2. The American Association of South China has adopted a memorial, which is being forwarded by mail, setting forth temperately the consciousness of danger confronting American interests. From this memorial I quote the following.3

“We are living in a section of China which is largely controlled by a group that refuses to believe in the good intentions of the American Government, which seems to decline to cooperate in policies looking toward future good will, and which has allowed American interests to be illegally destroyed without affording protection.

Americans in South China are now facing a crisis.

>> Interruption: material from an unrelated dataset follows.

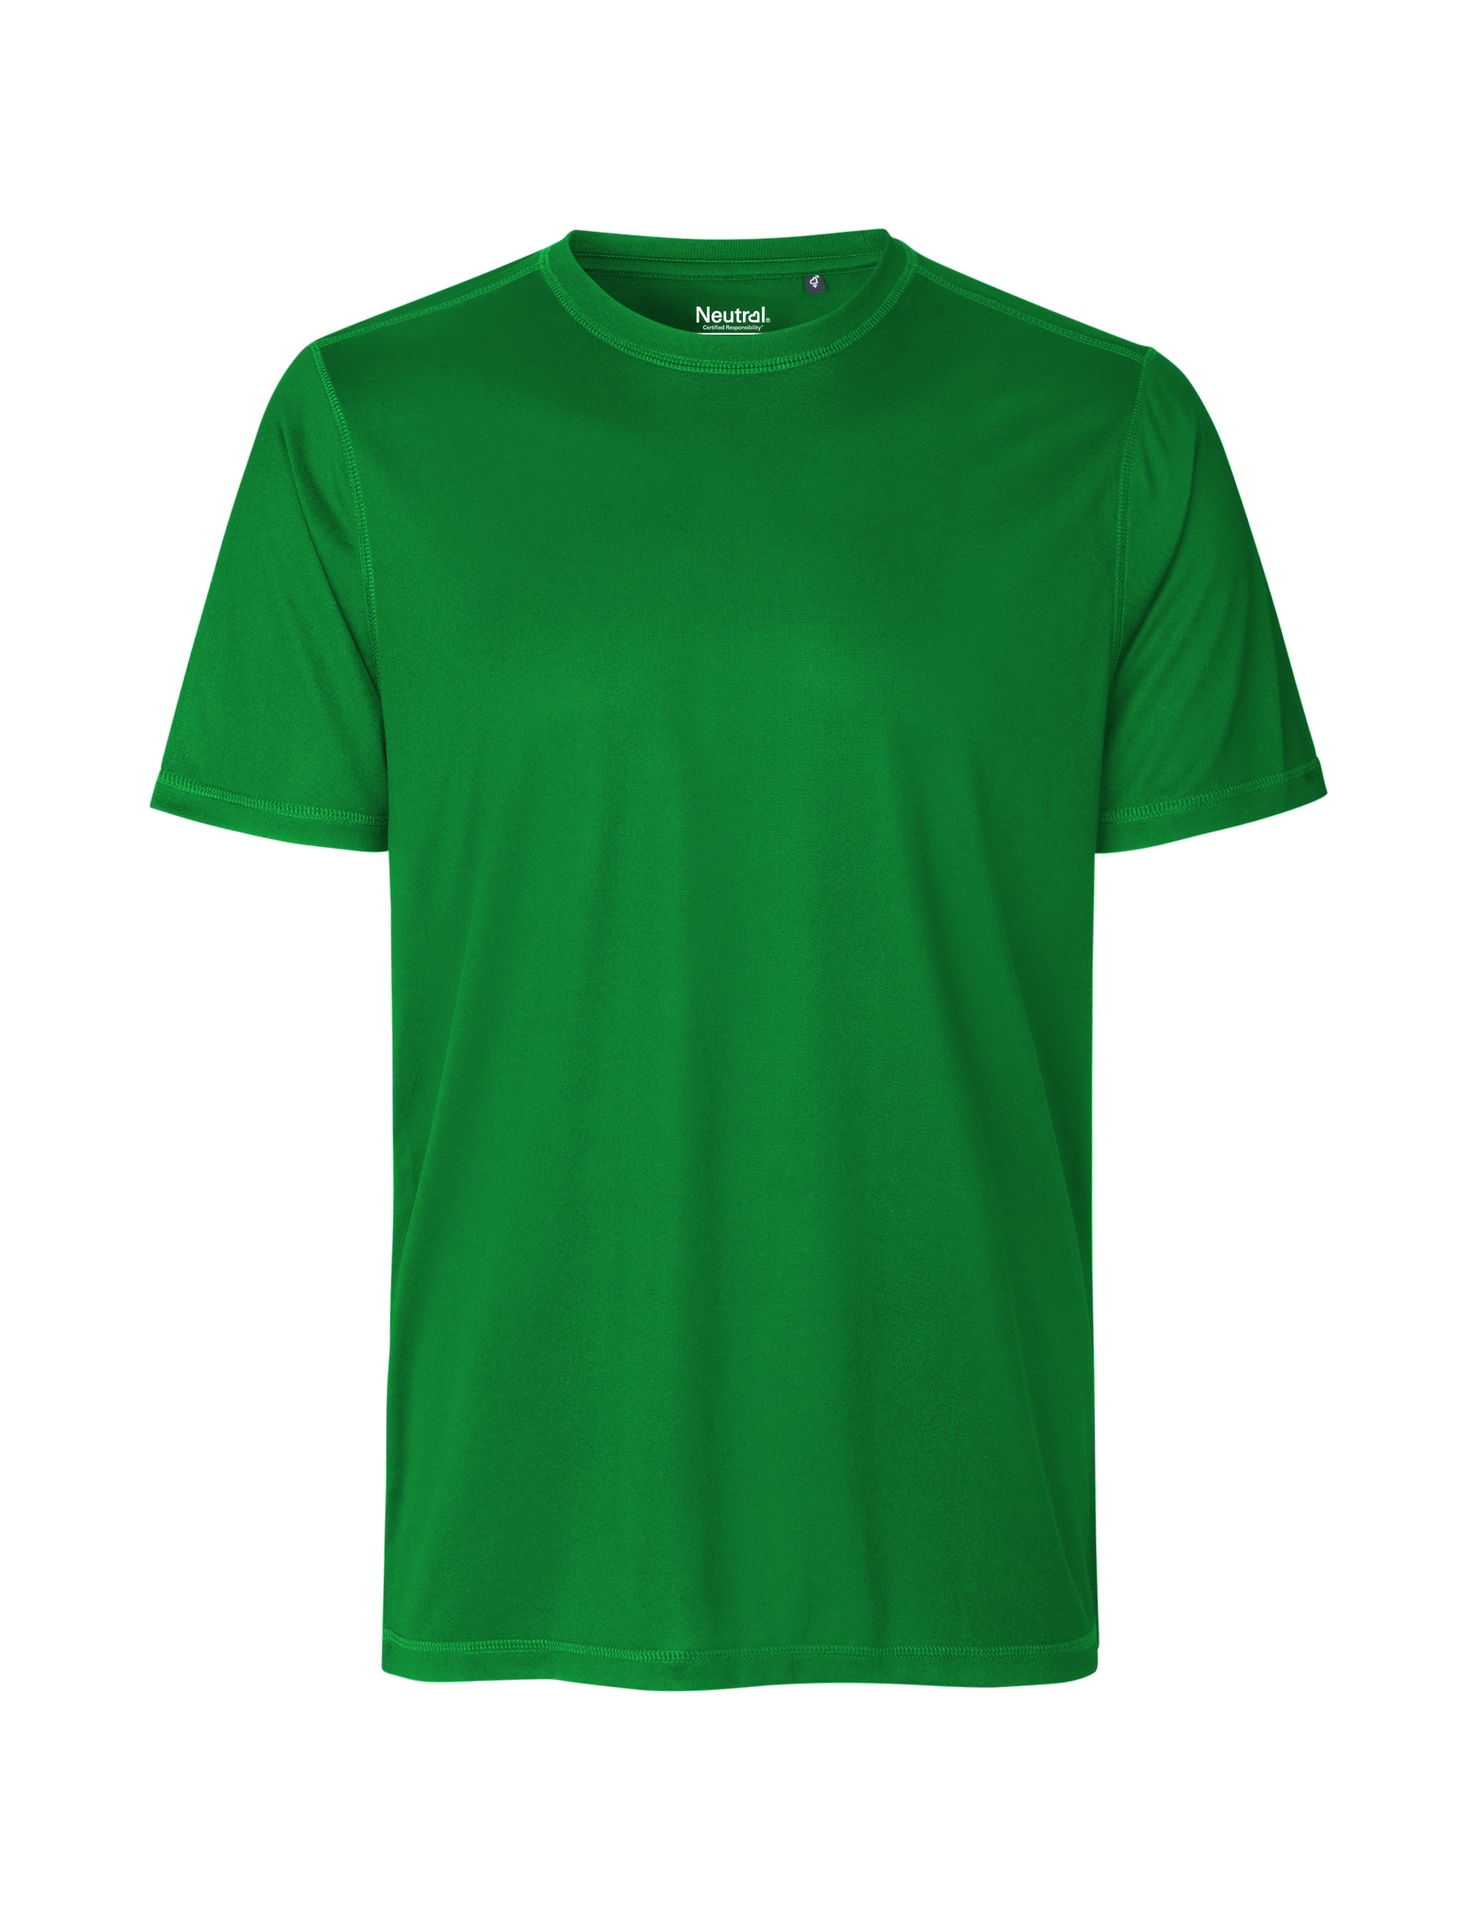 [PR/03810] Recycled Performance T-Shirt (Green 67, L)

We have to make decisions which involve not only our personal interests and those of the firm or mission we represent but involve important interests of the American people as well. Therefore the executive committee of the American Association on behalf of the Americans living in South China asks the Department of State of the United States Government to give us some practical indications as to how to proceed in the face of these destructive forces.”

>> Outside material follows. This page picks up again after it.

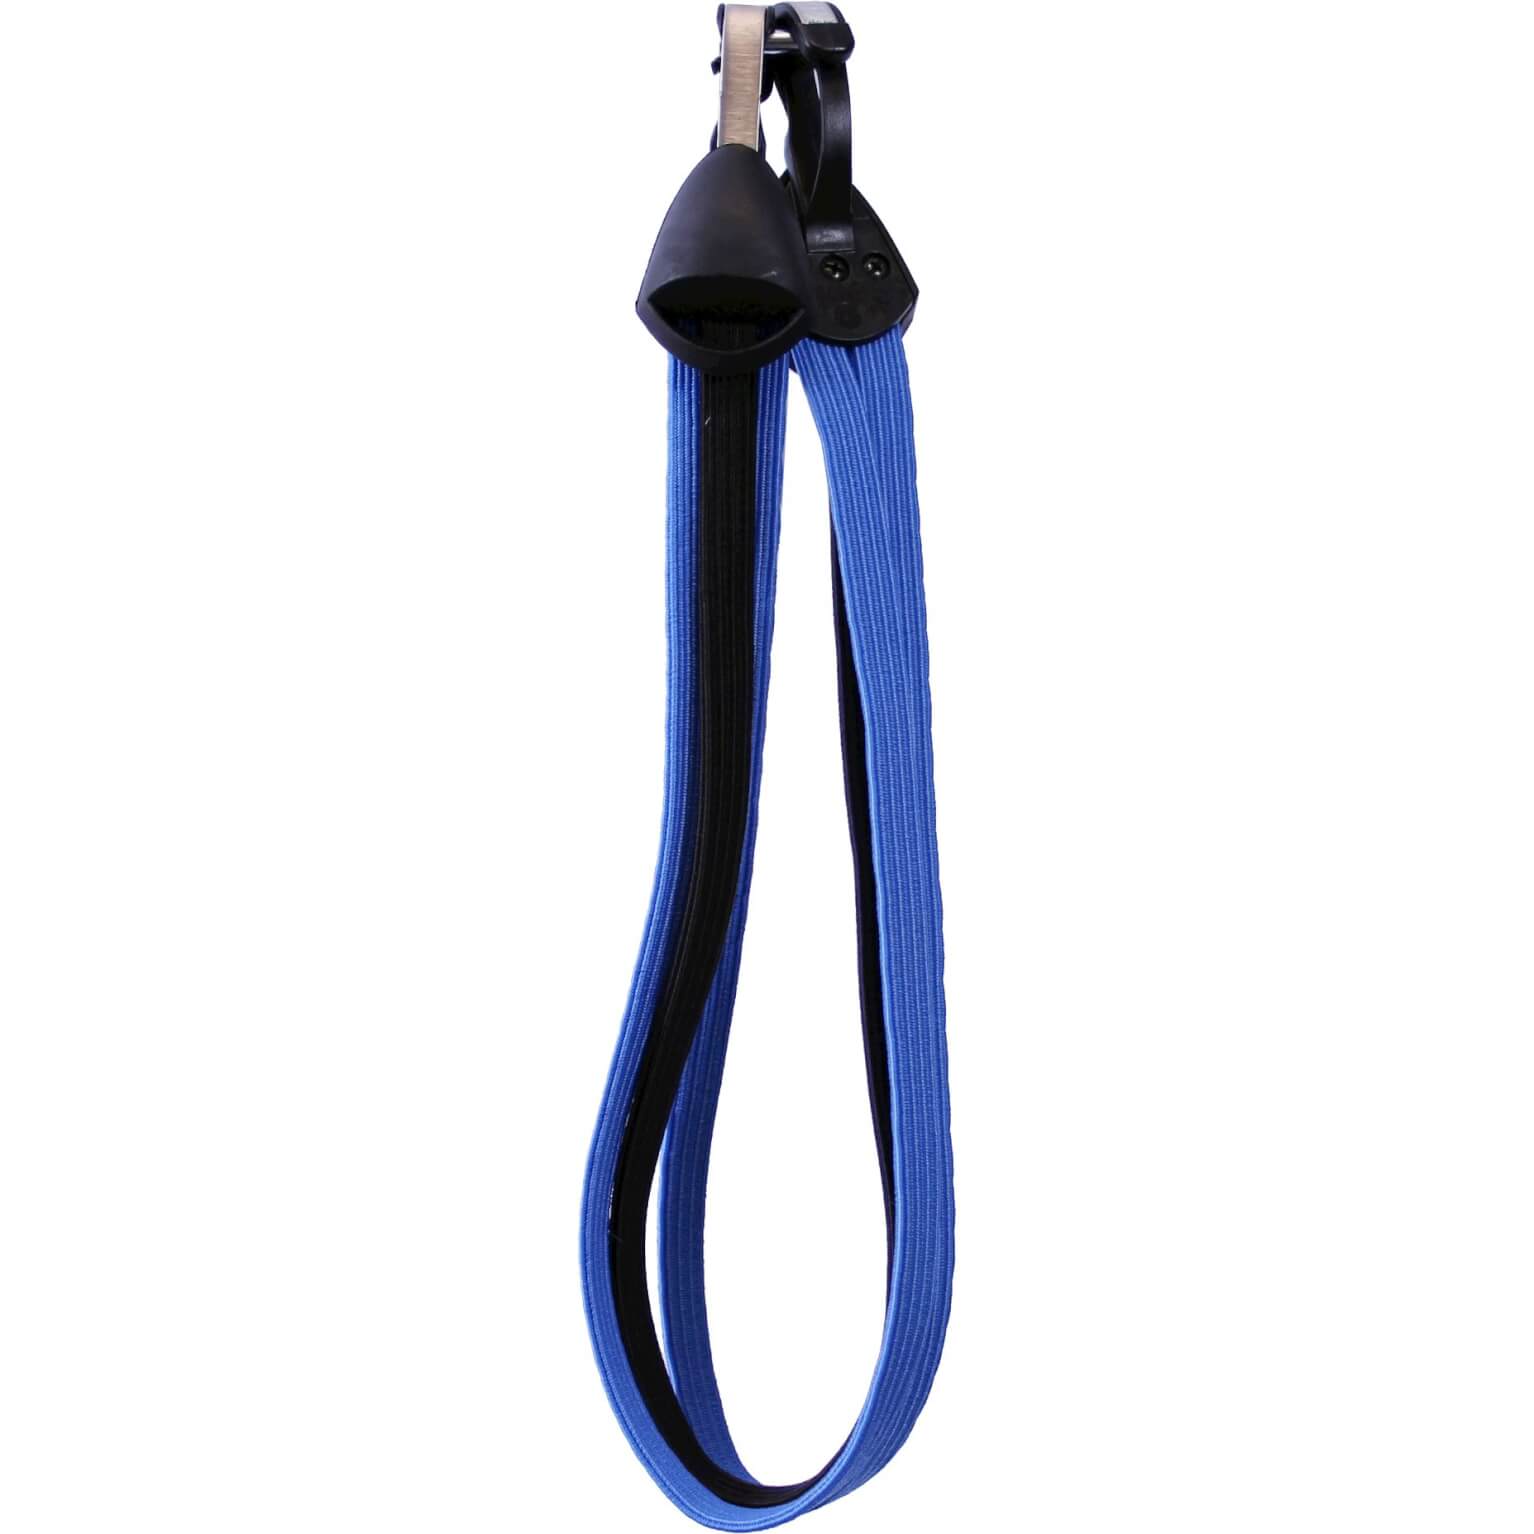 Widek Safety Tie Stainless Steel 26/28" bright blue/black uni

3. A dilemma of the greatest difficulty is presented by the problems indicated above. One must agree, on the one hand, with Jenkins that if we allow the Cantonese to disregard with impunity foreign rights to life and property, it will encourage them in a line of action which is sure to become more and more outrageous and irresponsible, [possibly or certainly?] leading to tragic incidents. …

4. On the other hand, the people of South China are in a temper to seek occasions for offense, being still strongly under the influence of the hysterical mood of self-assertion, which I described in my telegram No. 293 of July 28, 1925.4 It is therefore difficult to judge whether the Cantonese would be brought to their senses by a more active insistence upon our rights backed by the presence of a naval force and an evident readiness to use that force in any clean-cut case in which our people and their rights were flagrantly menaced or whether popular feeling would be so inflamed by such action that the safety of Americans beyond the reach of our protection would be jeopardized.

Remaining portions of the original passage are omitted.